Daniel William McKnight

The two agencies have always struggled to match the salaries offered by companies and firms, while residency requirements effectively force municipal employees to spend more of their smaller salaries on rent by barring them from living in New Jersey.

Those longstanding challenges have been compounded by Adams barring agencies from providing any hybrid work accommodations and his failure to empower agency chiefs to cut through the city’s byzantine hiring process, which can take months to complete without a top-level intervention.

“It’s a really competitive market out there and the city is so uncompetitive. The City takes so long, it’s required to go through the civil service list, the City starts with a real low-ball offer,” said one insider. “It’s just making things really, really tough.”

Take City Planning, where the staffing crunch is so severe that currently there is only a chief of planning for one borough right now: Queens. The positions for Manhattan, Brooklyn, the Bronx and Staten Island are empty and currently held by acting staff.

The vacancies at the top have been further aggravated by Adams’ decision to appoint longtime politicians to run the agencies, instead of veteran planners or administrators who could immediately delve into the bureaucracy and help pick up the slack.

City Planning Commissioner Dan Garodnick and HPD Commissioner Adolfo Carrión are both former city councilmen.

“It’s bad leadership at the agencies, which is the crux of the issue,” said one frustrated official. “We hired friends to run city agencies and not administrators. You can find administrators who are friendly, but if we had done that we wouldn’t be in the mess we’re in.”

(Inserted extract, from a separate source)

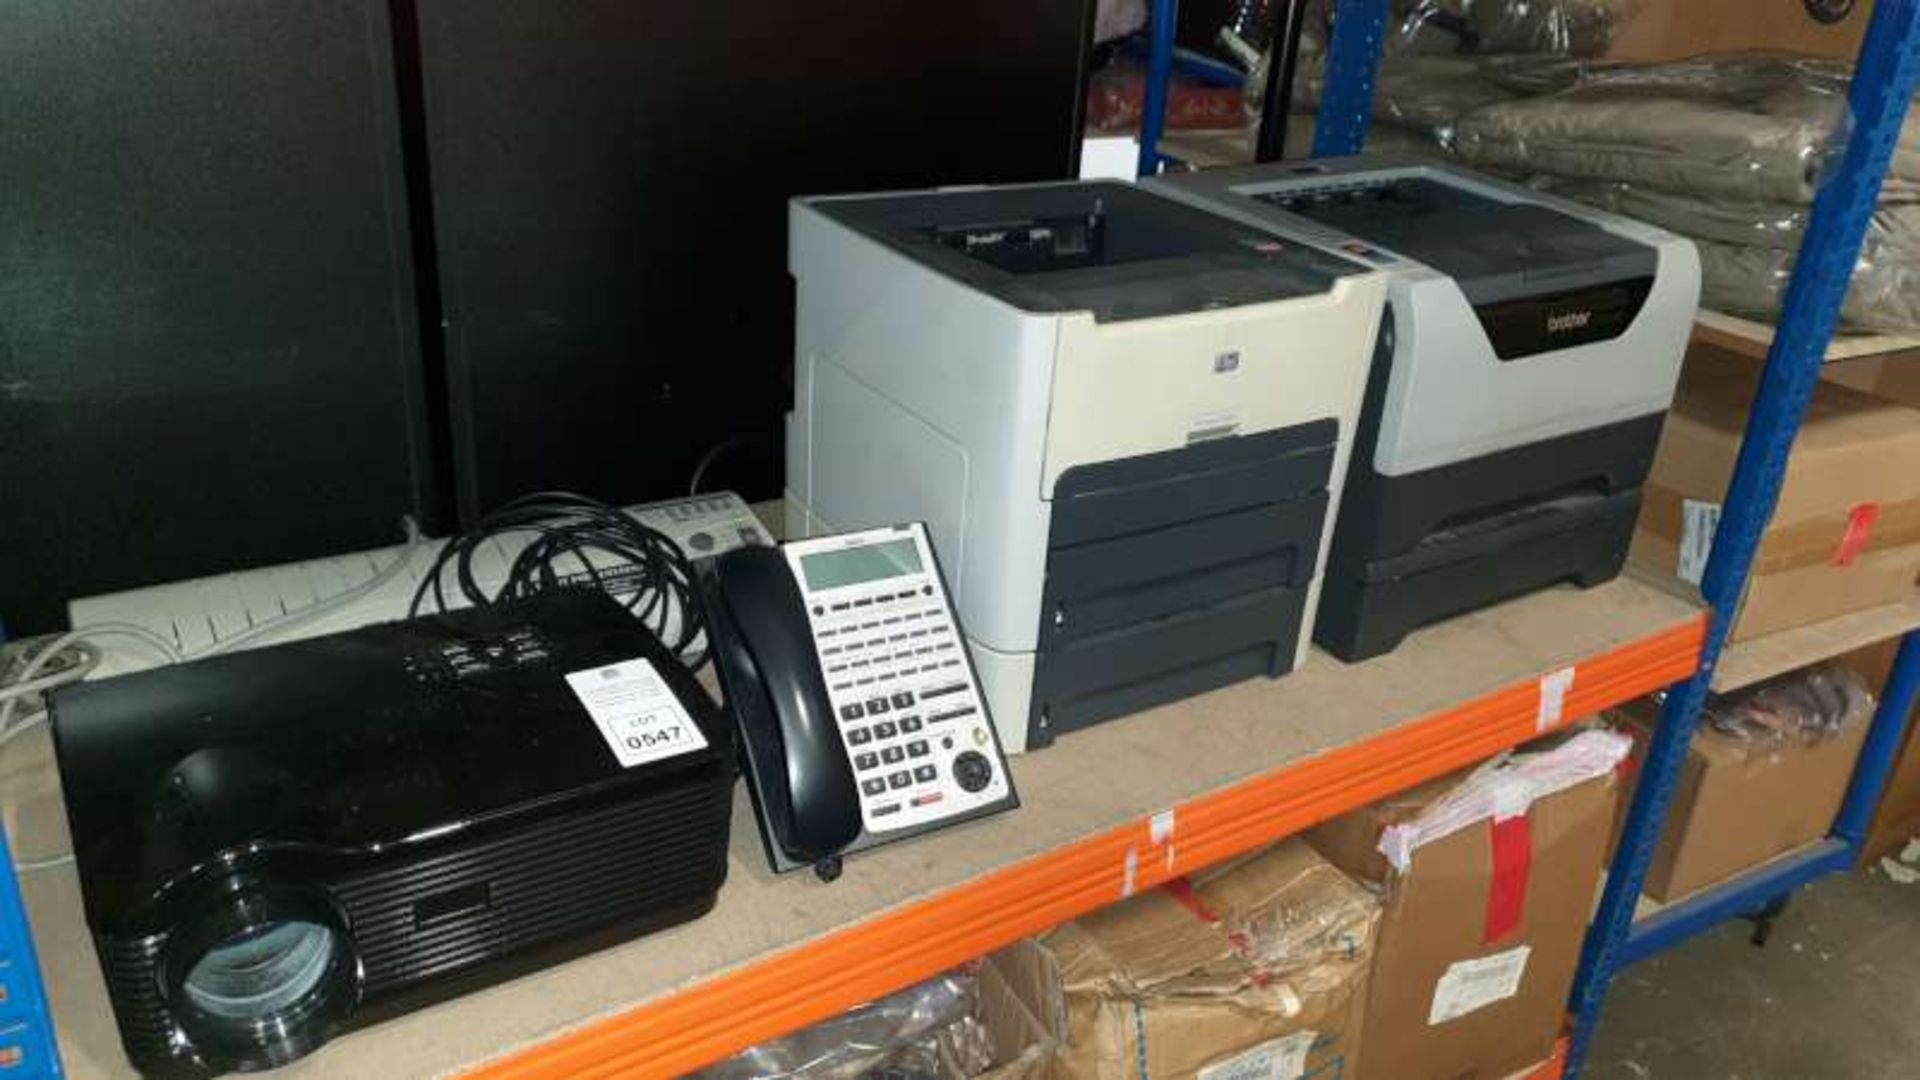 LOT CONTAINING HP AND BROTHER PRINTER, NEC OFFICE TELEPHONE, LAMINATOR, HD PROJECTOR

Sources said the problems are even worse at HPD, where the vacancy rate is a comparatively lower 15% — but there are so many empty positions in the key divisions that oversee the financing and approval of affordable housing that projects are stalling out.

“HPD is the real f—ing mess,” said one longtime observer. “People are starting to complain because they can’t get their deals financed.”

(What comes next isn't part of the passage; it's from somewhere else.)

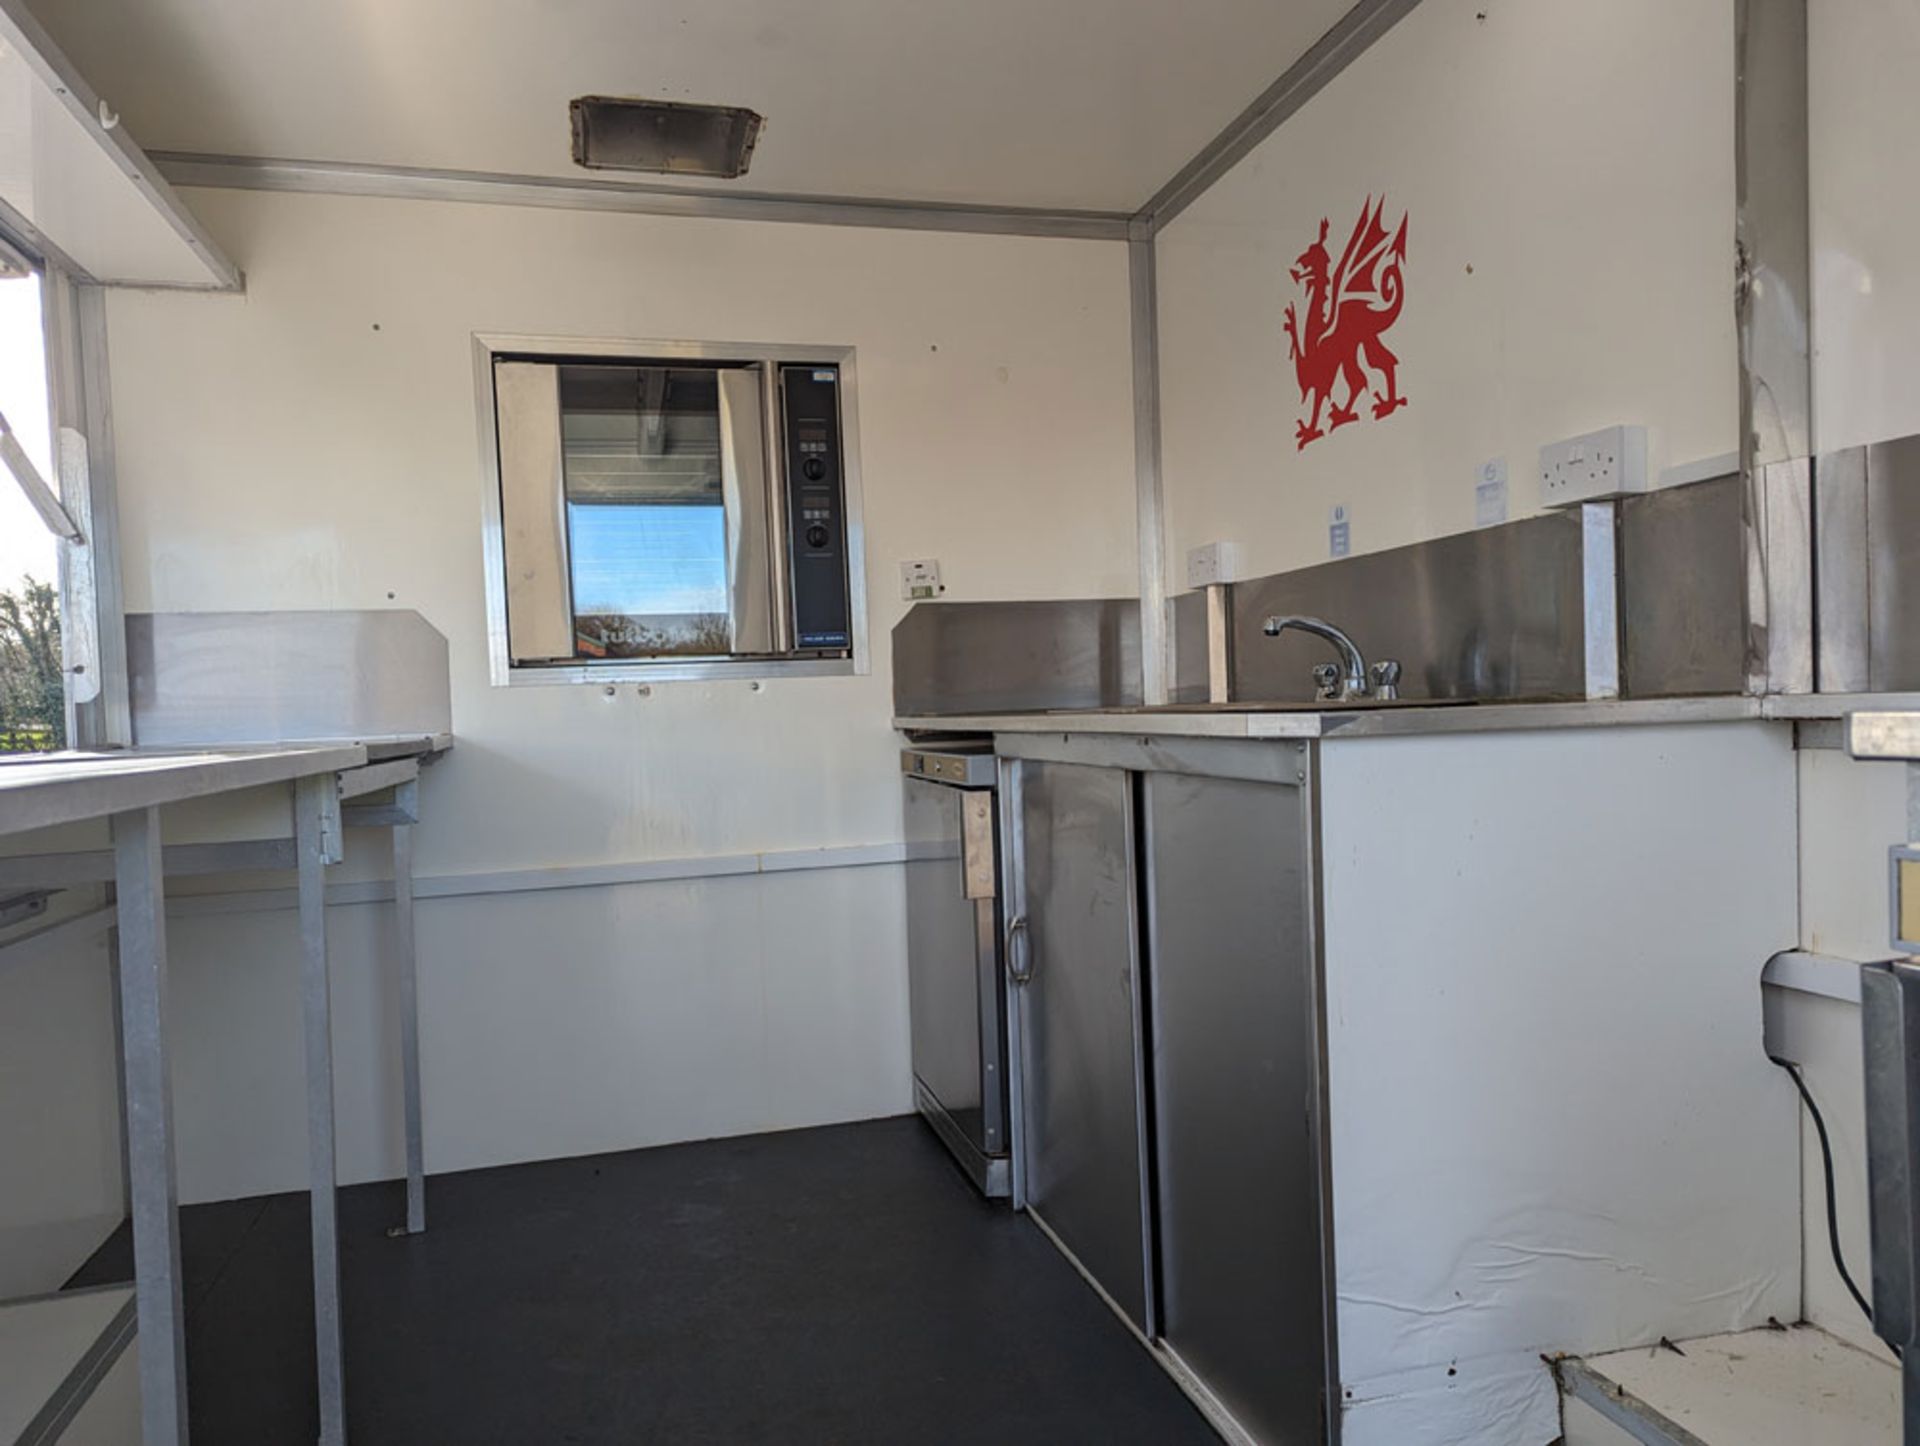 Catering Trailer. - Image 6 of 18

“This is Eric Adams’ mess,” the person added. “Adams got his management in and then they didn’t fill anything out.”

HPD quietly chalked up its failure to hit its housing targets to its staffing crisis in a mandatory annual report released in September.

“Lower production levels in Fiscal 2022 were largely due to increasing construction costs and agency staffing challenges,” officials wrote in the report. “HPD is committed to investing in staff and resources to support the creation and preservation of as many affordable housing units as possible.”

Christopher Sadowski

Its target for 2023 is 18,000 units either built or refinanced — just a fraction of its previous goal of 25,000 and the high of 32,517 apartments built or refinanced in 2018.

“If they don’t have the people there to process the loan closings, then we’re not going to get the closings,” said Rachel Fee, the executive director of the New York Housing Conference, which advocates for housing subsidy programs. “But what’s really concerning is that they’re still losing staff and they’re not turning it around.”

She added: “We don’t want to be spiraling downward when we have a pressing housing crisis in New York.”